R: How do you determine what is irrelevant or non-factual?

Z: It is easier to determine the relevance, since that simply depends on the context and the similarity score. Regarding the factuality, we are facing a big challenge in determining the truthfulness of the output because we need reliable sources for that. So far, we are using Wikipedia and another external knowledge base, but everyone knows that Wikipedia is not really reliable, because anyone can edit it. A second issue is temporary information, information that is not always factual: For example, let’s say in a ChatGPT conversation, there is a claim about the current US-president being Barack Obama. This used to be true, but not anymore. It is tricky to update that kind of information.

R: How do you go about these cases?

Z: It is tricky because we do not have our own reliable knowledge base. So we rely on what we can get. Our approach is to rely on evidence from different sources. If there is a conflict between them, we can look at those cases in more detail. If we can confirm something from multiple sources, we have a high confidence level to conclude that some information is likely to be true. But if the evidences are conflicting, we look for additional sources and decide every case individually.

R: Do you think people are aware enough of hallucinations?

Z: I am not sure. People need to have prior knowledge in order to judge whether an LLM’s output is relevant and factual. Here is an example that came up during one of my teaching sessions about backpropagation: I asked ChatGPT to explain backpropagation and deep learning and it returned a paragraph that looked very good at the first glance. But there were some errors in the details which I only found because I knew about the topic – if I didn’t I would have never realised. That is something people should be aware of.

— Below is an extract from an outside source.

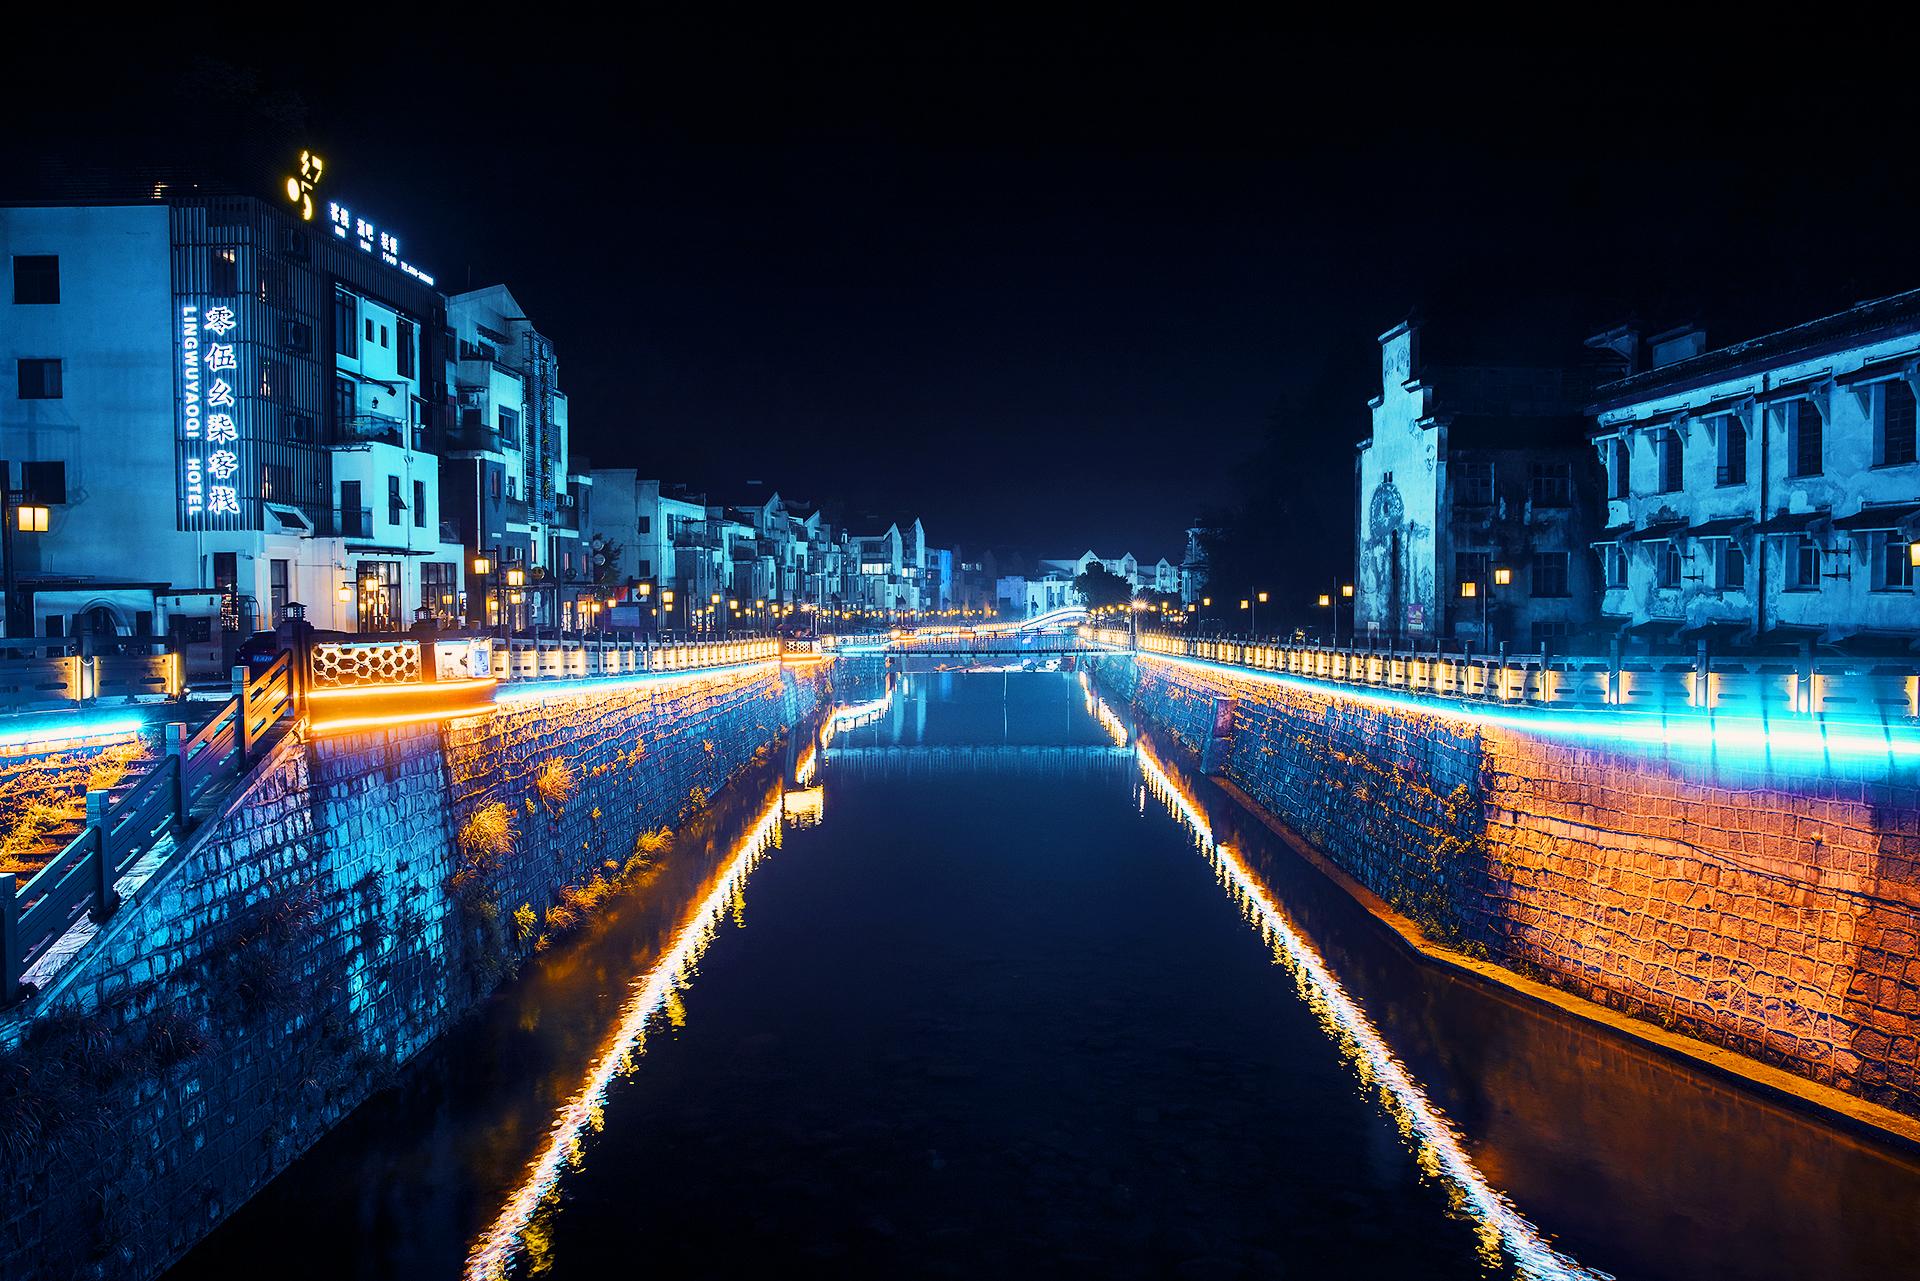 Night lights in Tangkou Town

R: When a startup like NetMindAI gifts a researcher money to pursue their project, are there any ties attached? Do they get rights to use your findings, for example?

Z: In my case, the gift was a research donation – that means it is unrestricted. We are aiming to make our research output as accessible as possible to benefit the wider community. Of course, if NetMind AI is interested in our output, I would be very happy to collaborate with them in commercialising it.

R: How long do you plan this research project to take?

Z: So the donation is intended to finance the project for three years, starting coming June. However, Large Language Models evolve everyday. Currently, hallucinations are a really big issue, but we do not know when it will be solved and whether other issues will emerge. As a researcher, I believe this field has great potential to achieve great societal impact. Although this donation is meant to last for three years, I will definitely continue to research further in that domain after that.

R: Do you have any other ideas for future research?

Z: Currently, I am also working on a few other projects. One of them is on AI creativity. Up until recently, some people claimed that the feature that sets humans apart from AI and other machines is creativity. However, there have been really interesting findings that creative collaboration between human artists and AI can have amazing results. I investigate how such human and AI collaboration can be fostered.

Another project is more focussed on educational applications. Many students already use ChatGPT for their uni work. Understandably, there are lots of ethical concerns about this. I am looking at how we can build better LLMs for academic and professional settings.

I am also very interested in making LLMs equally good for other languages than English. Particularly for bilingual speakers who mix two languages in their everyday life.